Given material:
______

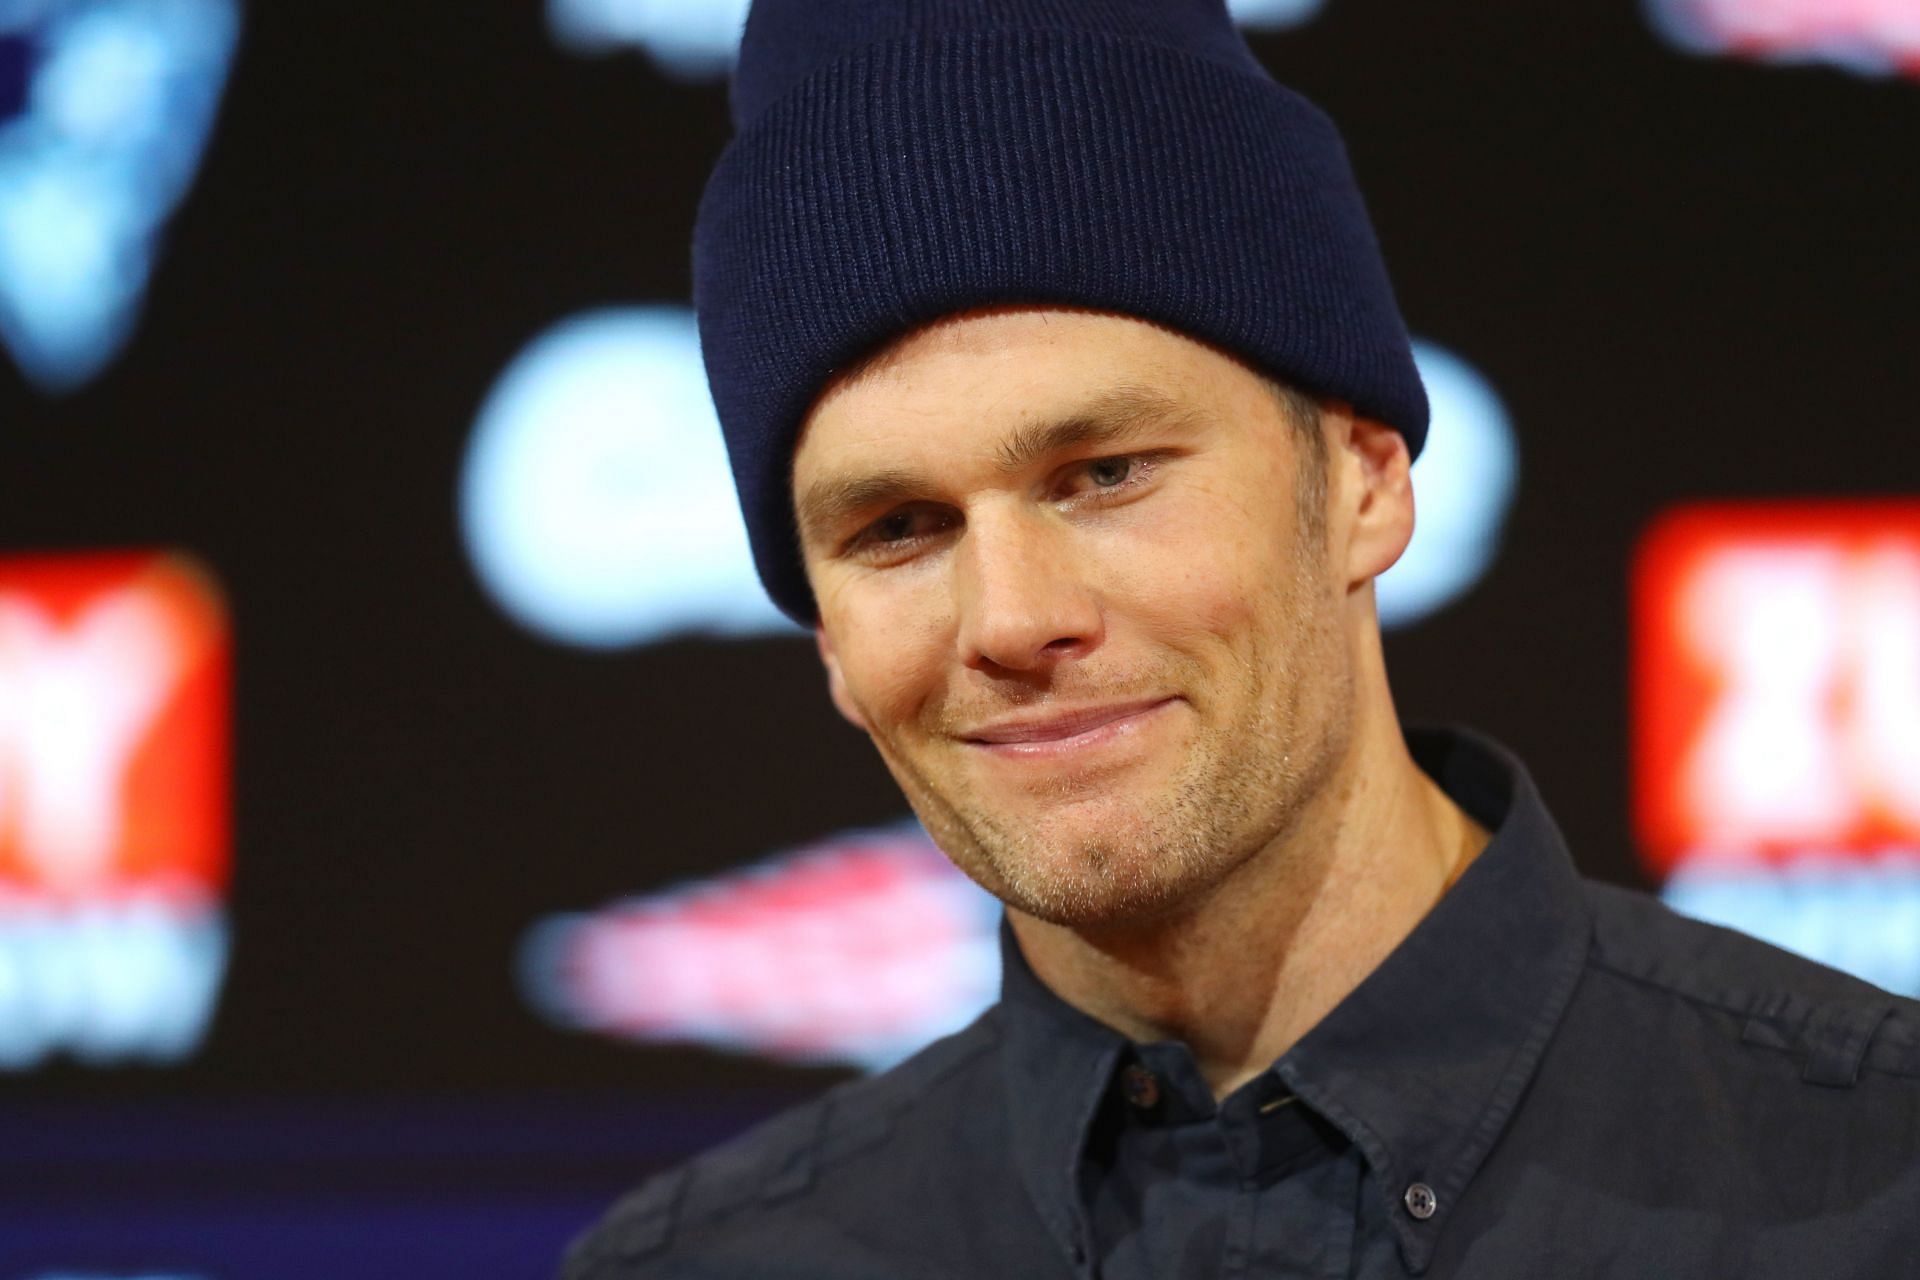 Tom Brady is one of the higehst-earning NFL players ever
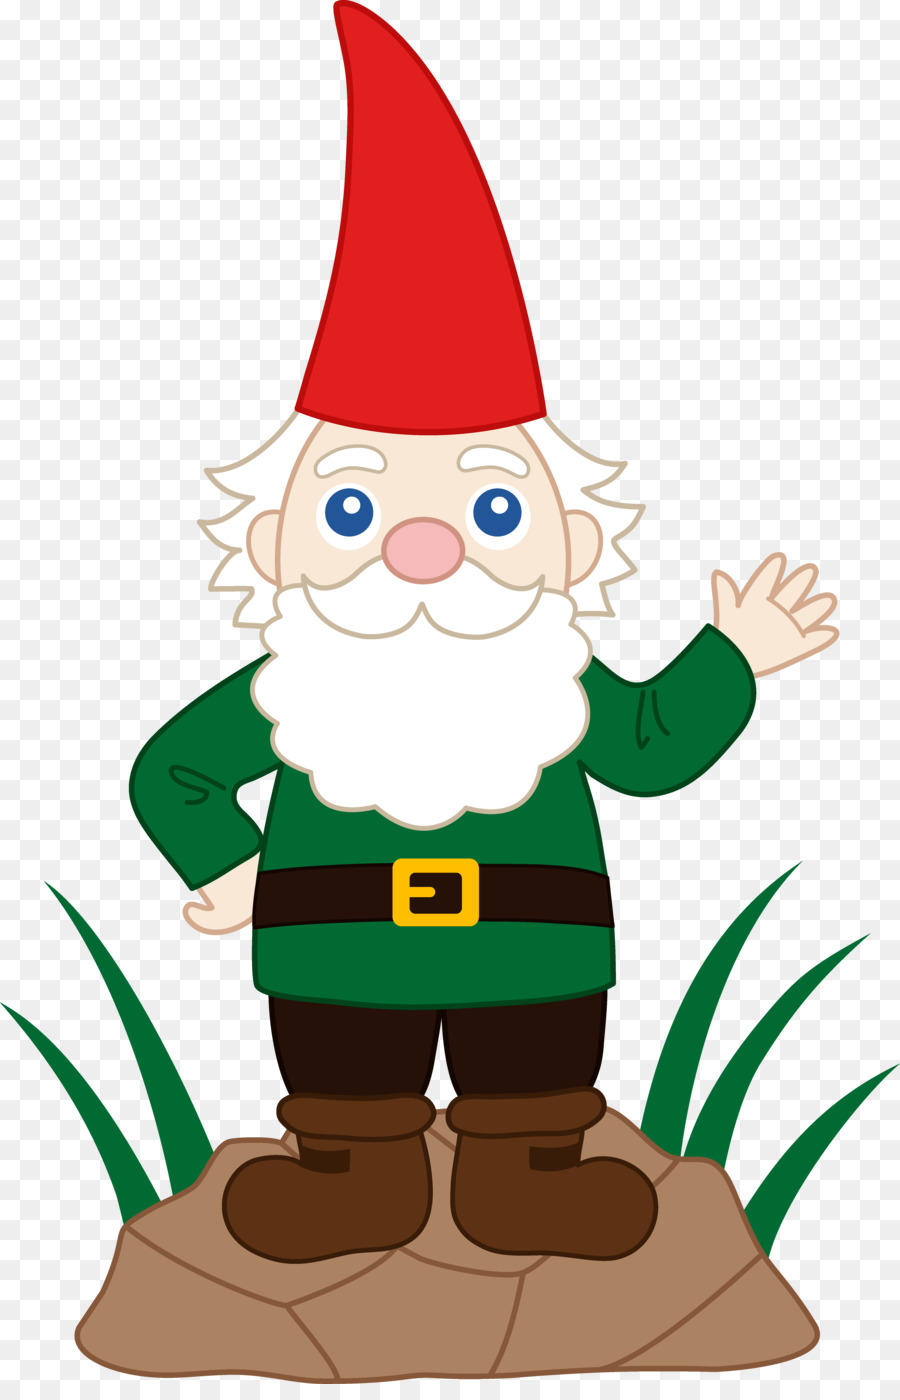 Garden gnome Drawing Clip art - Gnome png download - 5377*8270 - Free Transparent Garden Gnome png Download.
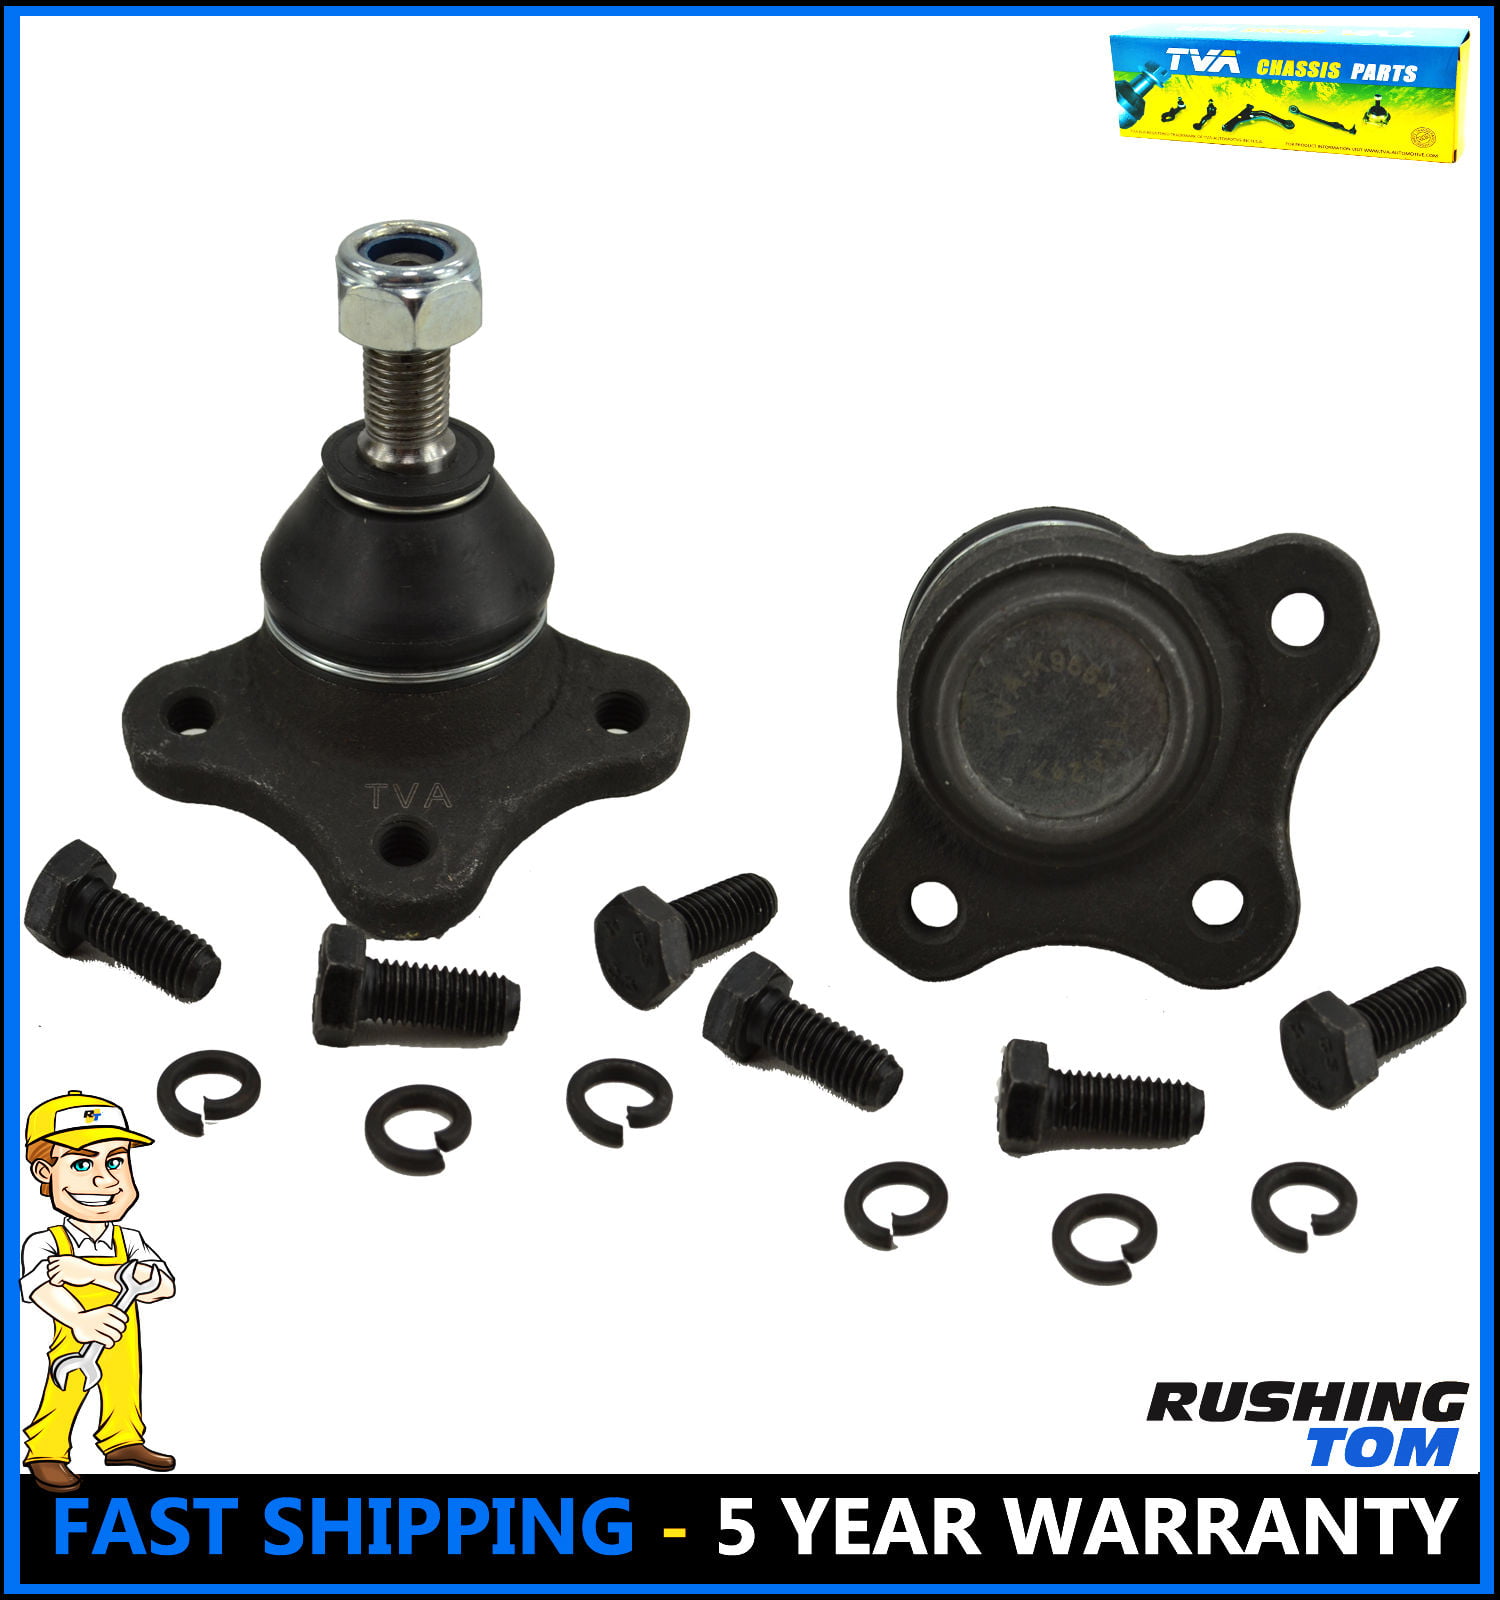 2PC Front Upper Suspension Ball Joints Mazda B2200 B2600 B2000 
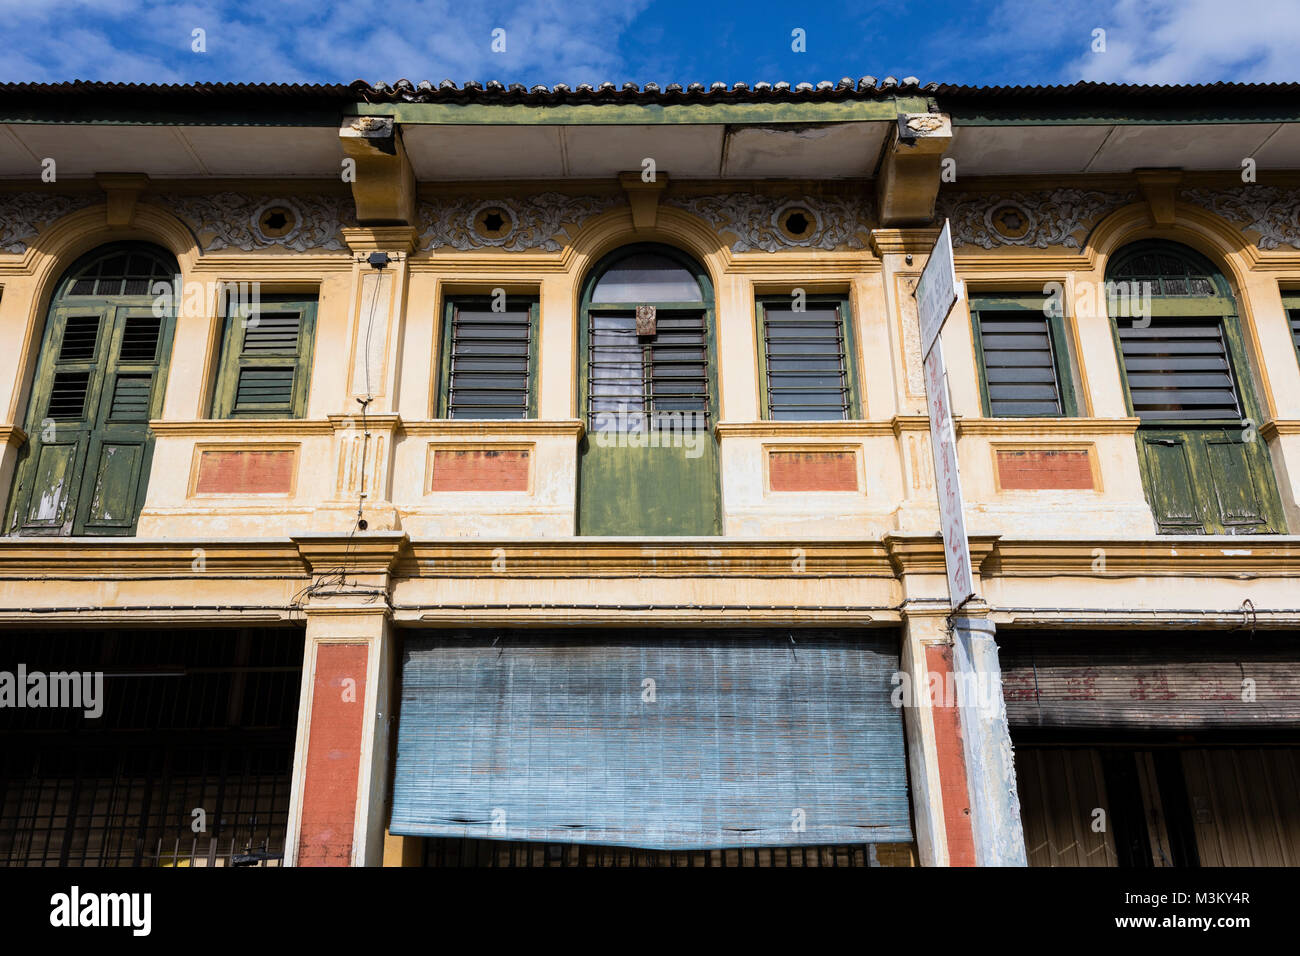 George Town, Malaysia, December 19 2017: Facade of the old building located in UNESCO Heritage Zone, Penang in Malaysia Stock Photo

______

Work required: Starting at the line with "2PC Front Upper" and stopping at the final line of the material, reproduce each line exactly, both ends included. Leave the pictures out.

Output of the task:
 2PC Front Upper Suspension Ball Joints Mazda B2200 B2600 B2000 
 George Town, Malaysia, December 19 2017: Facade of the old building located in UNESCO Heritage Zone, Penang in Malaysia Stock Photo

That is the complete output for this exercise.